Money laundering is a US $1.5 to 2 trillion business per year. According to IMF estimates, this accounts from about 2 and 5 percent of global gross domestic product (GDP). Using the same methodology in Latin America and the Caribbean, money-laundering transactions are roughly estimated somewhere between 2.5 and 6.3 percent of the regional GDP, according to a recent study by IDB economist Alberto Chong.
This not only means tax revenue lost. Money laundering, Chong said, distorts economies and produces instability. In addition, it undermines the private sector and may even push it away from certain industries, since front companies have advantage over legitimate firms. Chong also pointed out how money laundering jeopardizes integrity of financial markets as well as countries’ reputations.
The World Economic Forum estimates that Latin America is perhaps the most active emerging region with money laundering through both bank and non-banks channels. WEF figures show several levels of money laundering among different countries in the region. Chong’s study also finds that the larger the size of the underground economy and the lower the quality of corporate governance, the more pervasive money laundering is. A more stable financial system and solid institutions make life difficult for money launderers.

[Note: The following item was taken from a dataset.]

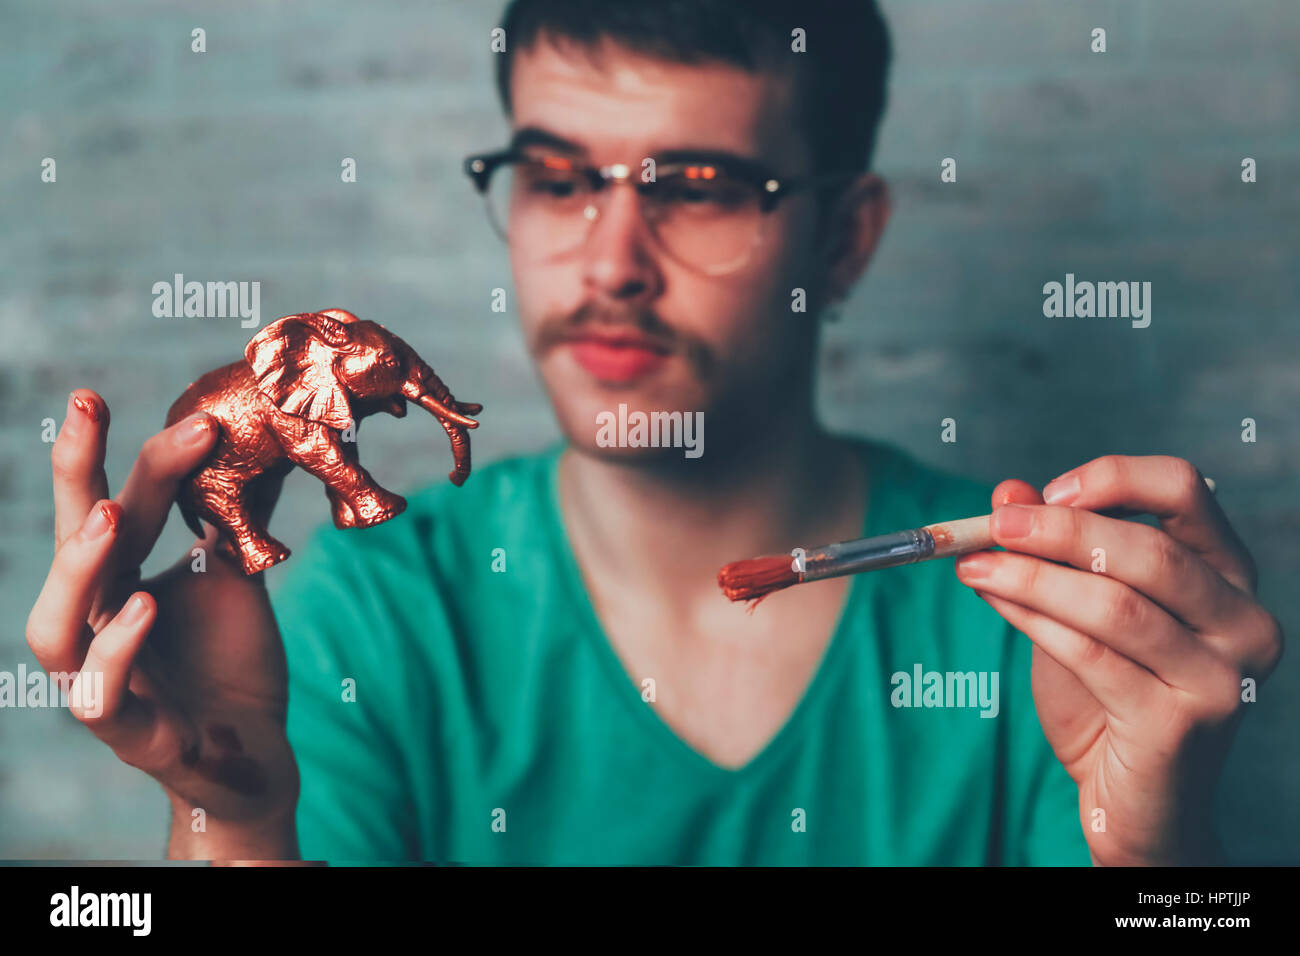 Young man painting plastic elephant figure with copper paint Stock Photo

In order to fight money laundering, financial systems need to be strengthened on prevention and enforcement through multilateral cooperation. Some of this has already happened. Some Latin American countries have made strides to comply with 40 recommendations by the Financial Action Task Force (FATF), an intergovernmental body whose purpose is to develop and promote policies at the national and international level to combat money laundering. Argentina, Bolivia, Brazil, Colombia, Chile, Ecuador, Paraguay, Peru and Uruguay are compliant with most key money laundering FATF recommendations.
In addition, multilateral organizations have begun work on strengthening financial supervision, training, and technical assistance in order to better prevent and monitor money laundering. These programs seek to create legal sanctions against money laundering and improve enforcement capabilities.
In most cases, multilaterals work with partner organizations specializing on the issue. The IDB has partnered with the Organization of American States’ drug commission (CICAD) and CICAD’s work against money laundering initiative.